Мигель де Унамуно. Детство Дон Кихота.

Мигель де Унамуно


Детство Дон Кихота

Мигель де Унамуно. Житие Дон Кихота и Санчо по Мигелю де Сервантесу Сааведре, объясненное и комментированное Мигелем де Унамуно. СПб.: Наука, 2002, с. 289-291.

Мне все никак не отделаться — с той самой минуты, как меня ранила эта мысль, — от раздумий о детстве Дон Кихота, именно Дон Кихота, а не Алонсо Кихано Доброго. Было ли у Дон Кихота детство? Существует ли детская форма кихотизма? Был ли Дон Кихот когда-либо ребенком? Сервантес говорит, что было нашему идальго под пятьдесят, и мы привыкаем к мысли, что в этом возрасте он и родился. Ну а разве беспокойные комментаторы Священного Писания не задавались вопросом, для нас абсурдным, о возрасте Адама, когда его создал Бог? Великолепный парадокс: в каком возрасте родился Адам? Для тех, кто не наделен духовным разумом, все это праздные умствования; совсем другое дело — для людей духовного склада, не для умствующих эрудитов... Тереса де Хесус и ее братишка, совсем еще дети, уже мечтают о рыцарских деяниях, но во имя Божие, не столько ради героизма, сколько ради святости. 1 Ведь если в жизни святого детство значит очень много, в жизни героя оно значит совсем немного. Но как же разделить героизм и святость? Ведь и доброта Алонсо Кихано Доброго иногда возвышалась до святости Дон Кихота.

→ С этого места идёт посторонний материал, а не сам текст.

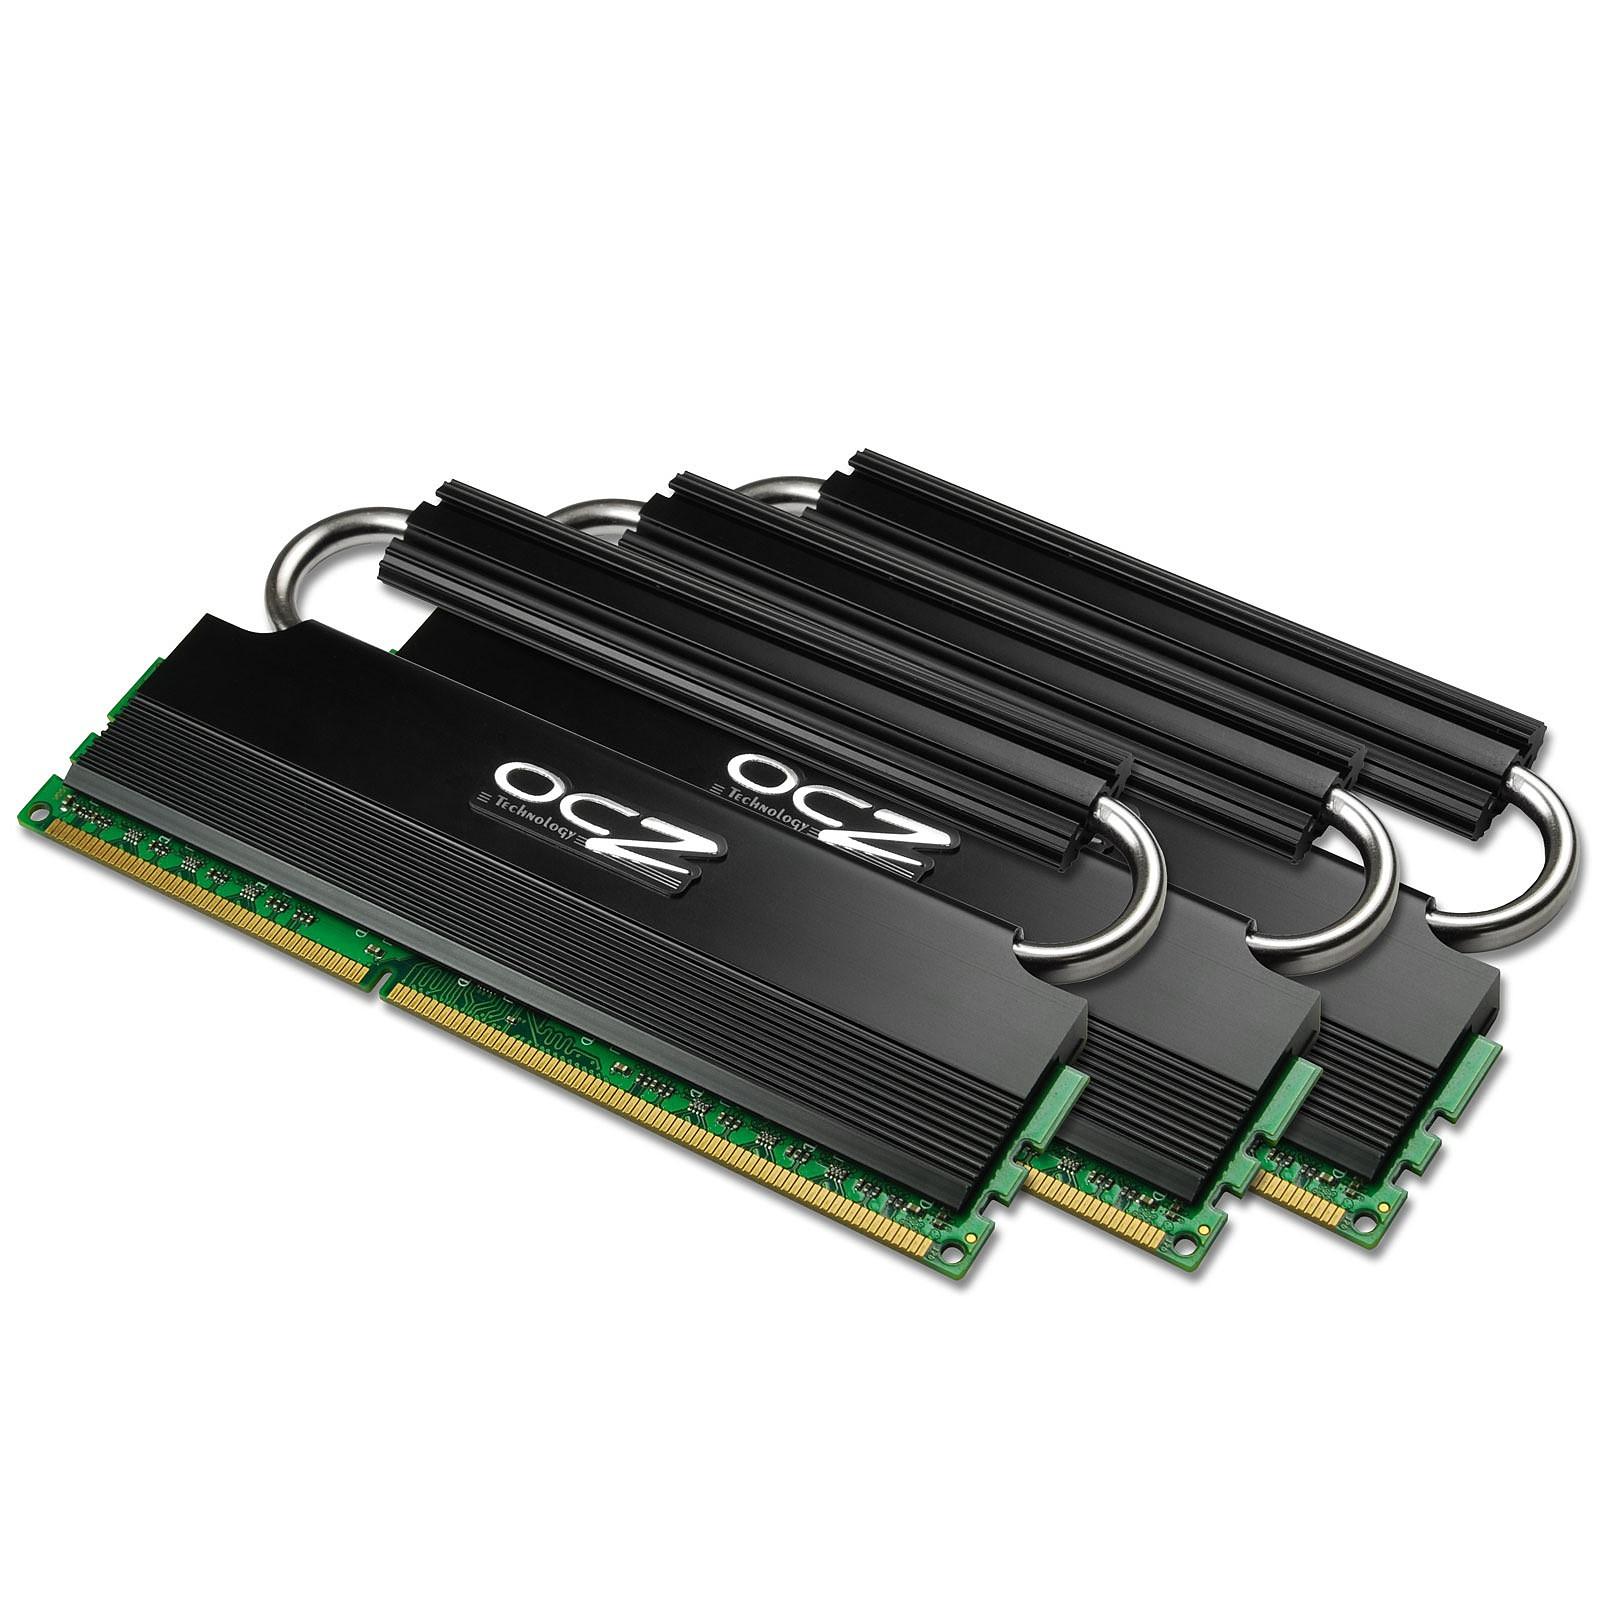 OCZ Reaper HPC 12 Go (3x 4Go) DDR3 2000 MHz

В главе XVIII Евангелия от Матфея рассказывается, что когда ученики спросили Иисуса, кто больше в царстве небесном, Иисус, призвав дитя, поставил его среди них и сказал: «... Истинно говорю вам, если не обратитесь и не будете как дети, не войдете в Царство Небесное (...) кто умалится, как это дитя, тот и больше в Царстве Небесном». Так и святой; герой же рожден для того, чтобы завоевывать царства земные. Но то, что завоевал Дон Кихот, было небесным или земным? И было ли царством? Возможно, оно было тем, что лежит между землей и небом.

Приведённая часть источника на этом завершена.